The task:
Starting at the line where "#जयपुर :राजधानी में एक और युवक की हत्या" occurs, reproduce each line through the end of the entries below exactly. Omit every picture.

(Source records)
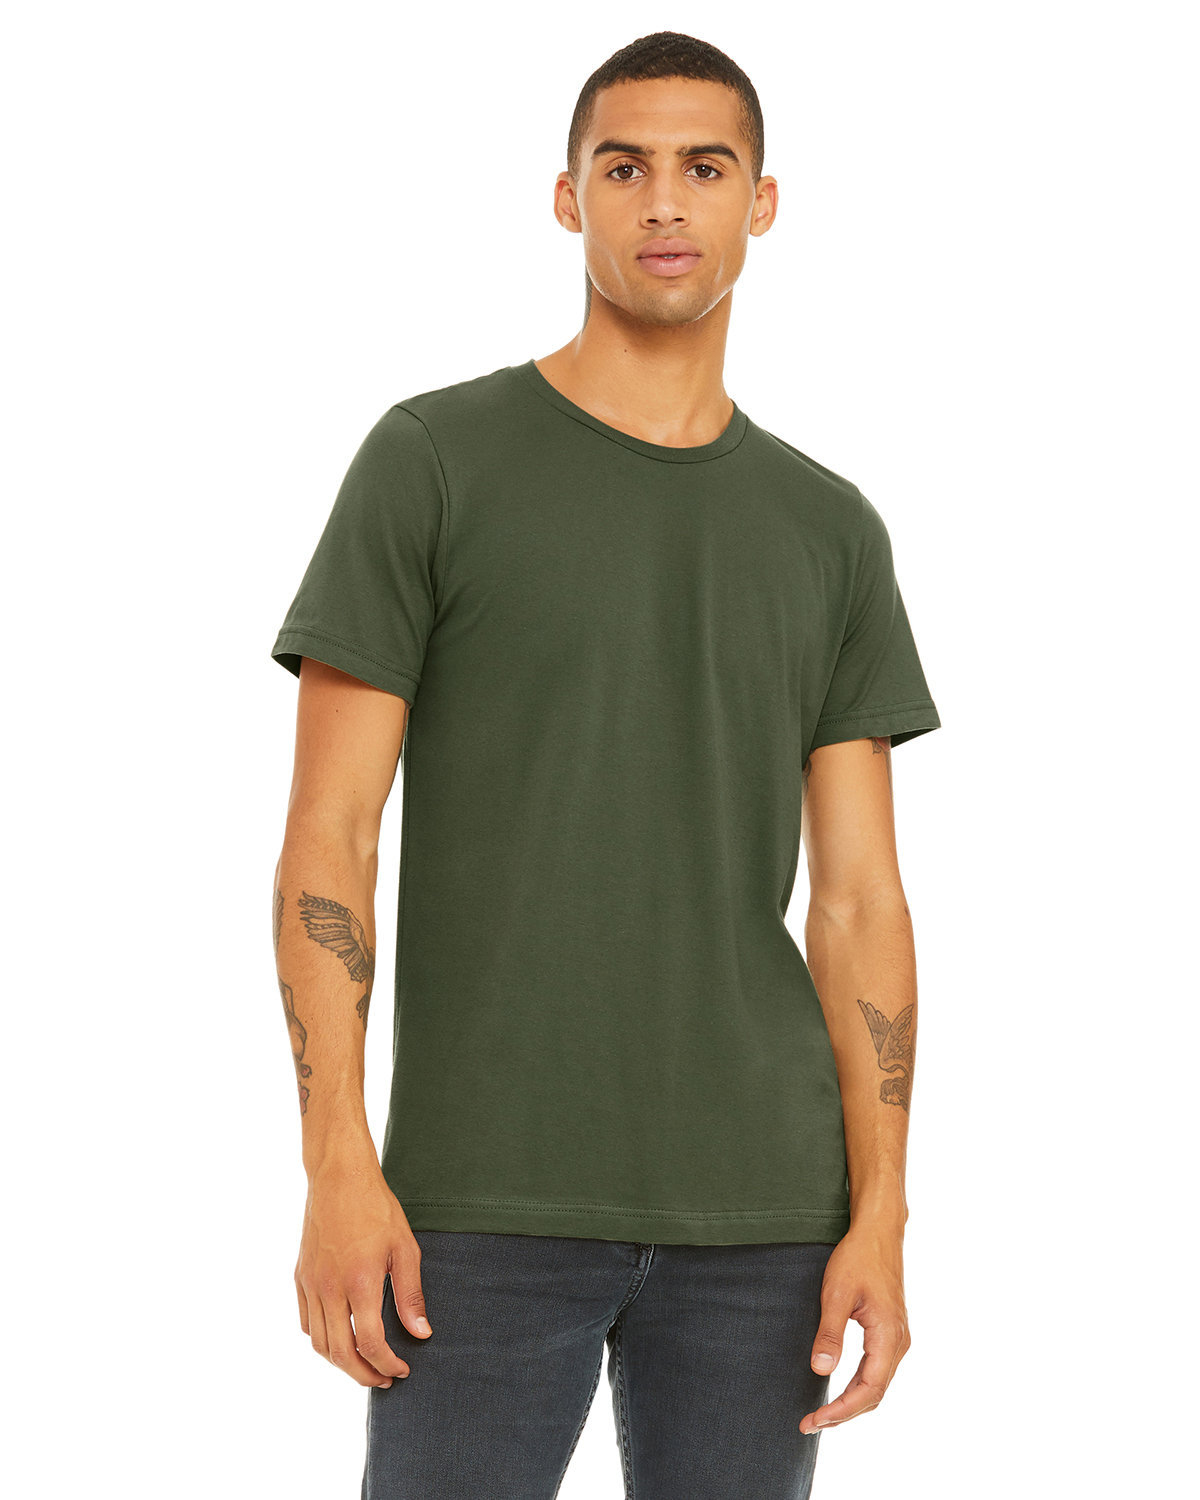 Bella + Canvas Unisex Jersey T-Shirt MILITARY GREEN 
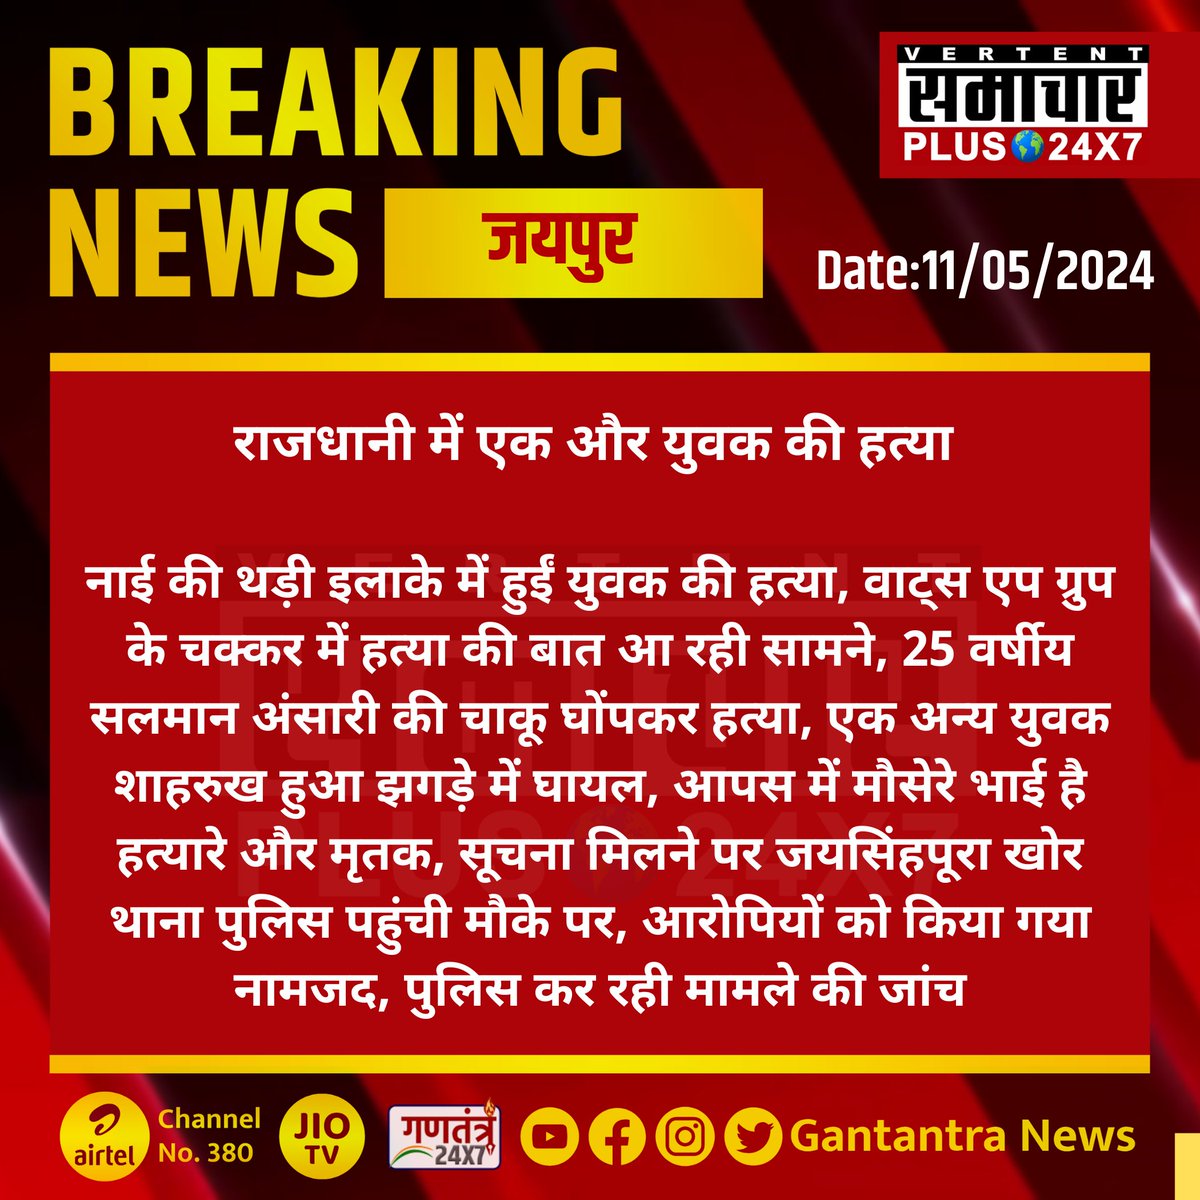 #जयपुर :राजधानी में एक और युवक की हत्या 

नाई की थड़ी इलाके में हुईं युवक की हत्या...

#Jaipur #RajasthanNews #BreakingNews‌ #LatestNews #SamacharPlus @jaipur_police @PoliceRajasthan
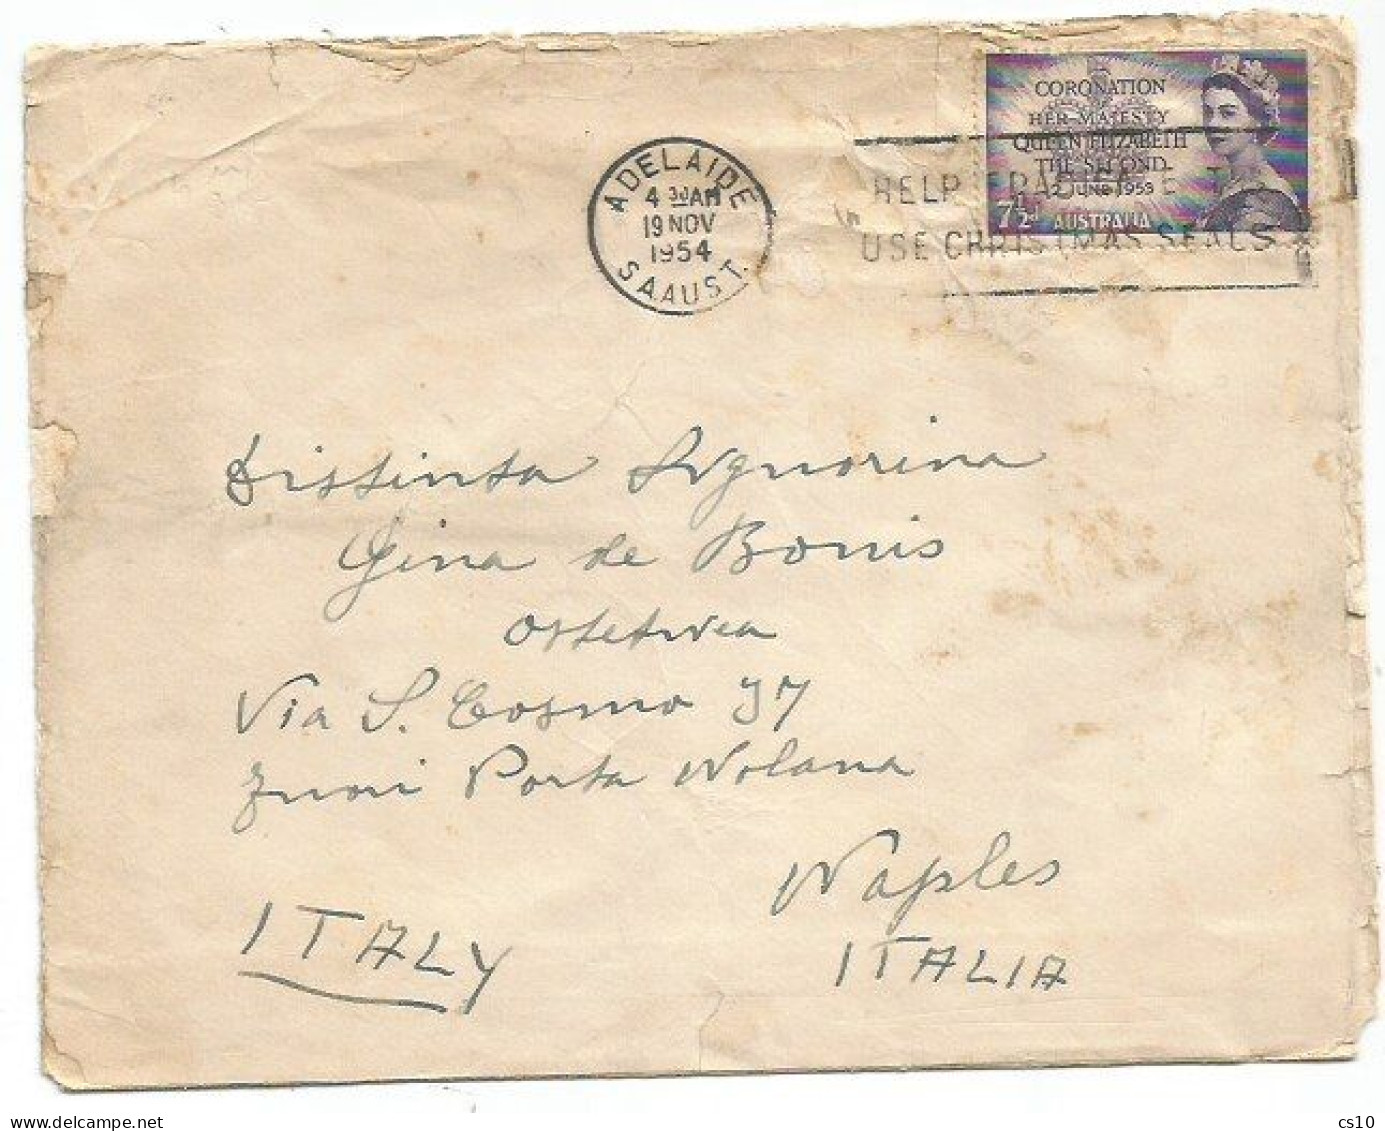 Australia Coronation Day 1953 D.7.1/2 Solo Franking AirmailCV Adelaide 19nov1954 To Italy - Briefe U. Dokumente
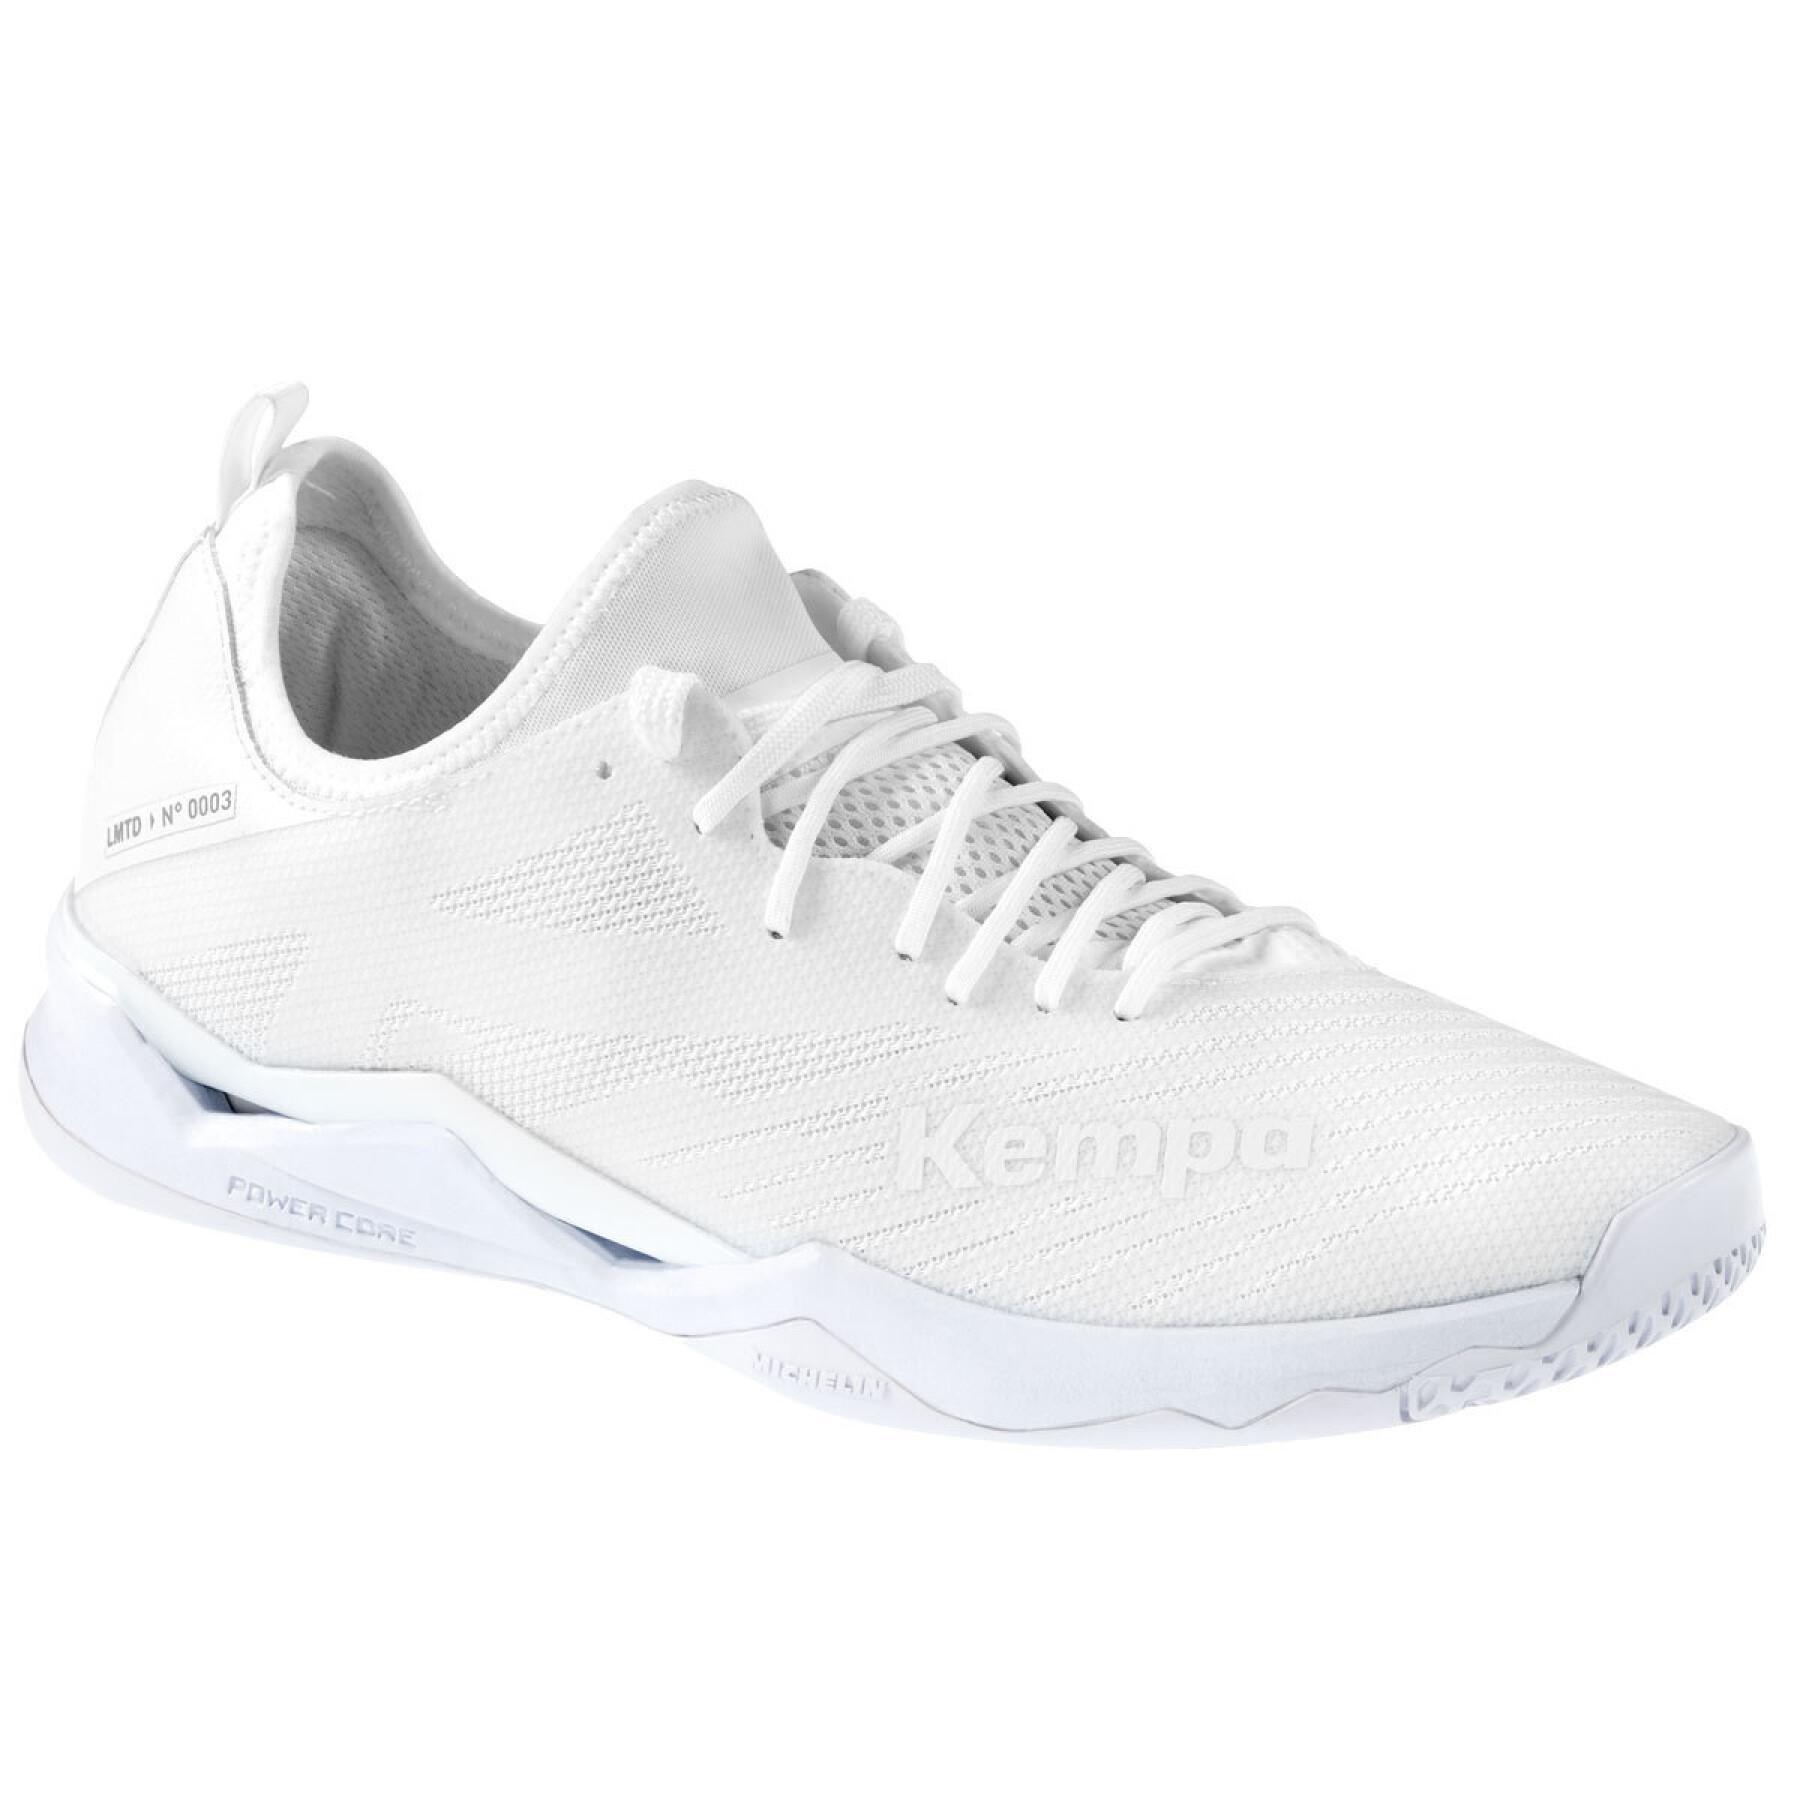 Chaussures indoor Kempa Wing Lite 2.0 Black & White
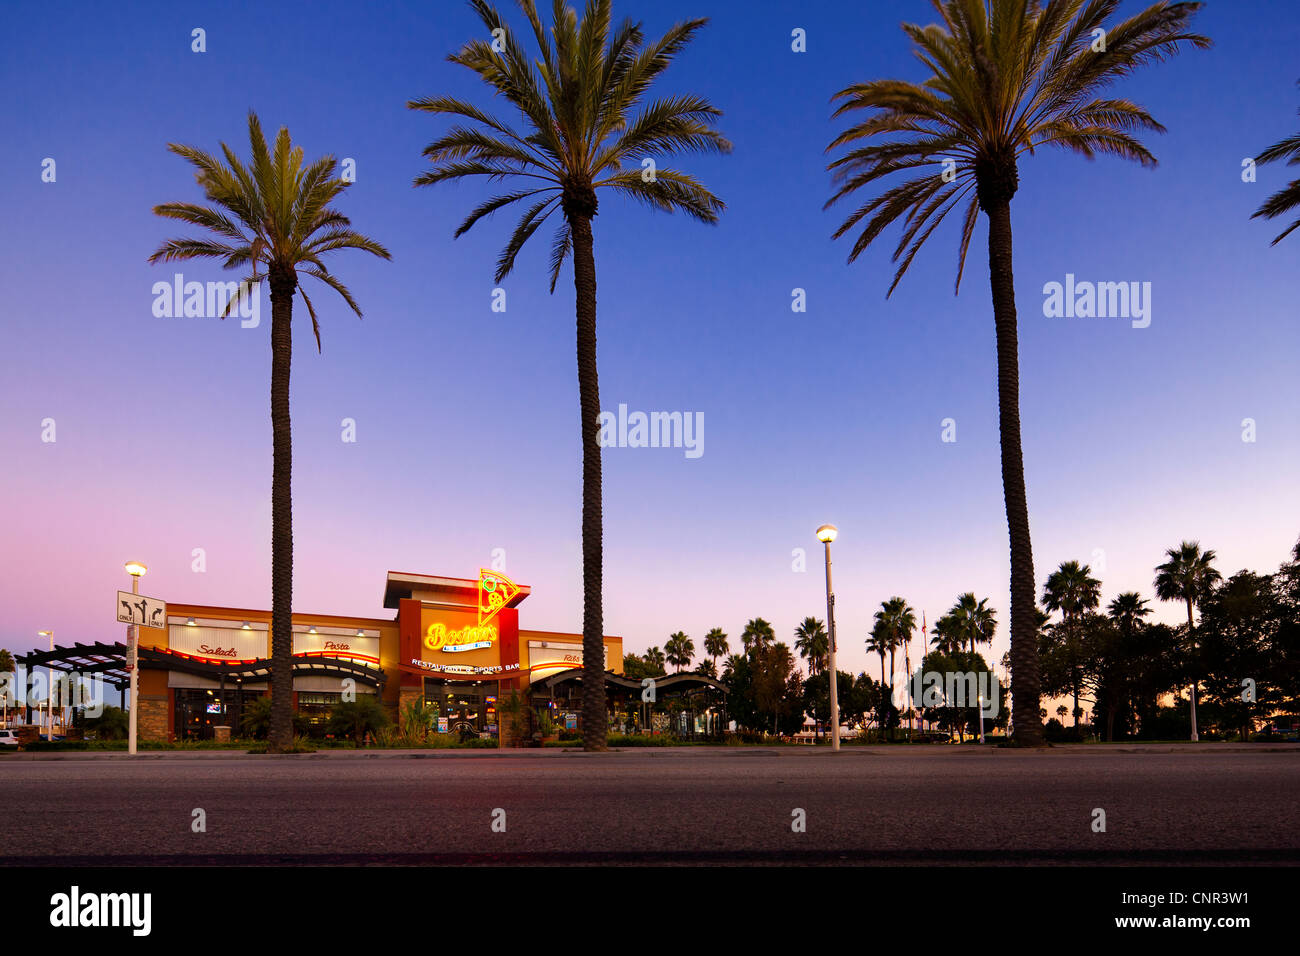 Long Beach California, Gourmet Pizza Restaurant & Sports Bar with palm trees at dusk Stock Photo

Written reply:
 #जयपुर :राजधानी में एक और युवक की हत्या 

नाई की थड़ी इलाके में हुईं युवक की हत्या...

#Jaipur #RajasthanNews #BreakingNews‌ #LatestNews #SamacharPlus @jaipur_police @PoliceRajasthan
 Australia Coronation Day 1953 D.7.1/2 Solo Franking AirmailCV Adelaide 19nov1954 To Italy - Briefe U. Dokumente
 Chaussures indoor Kempa Wing Lite 2.0 Black & White
 Long Beach California, Gourmet Pizza Restaurant & Sports Bar with palm trees at dusk Stock Photo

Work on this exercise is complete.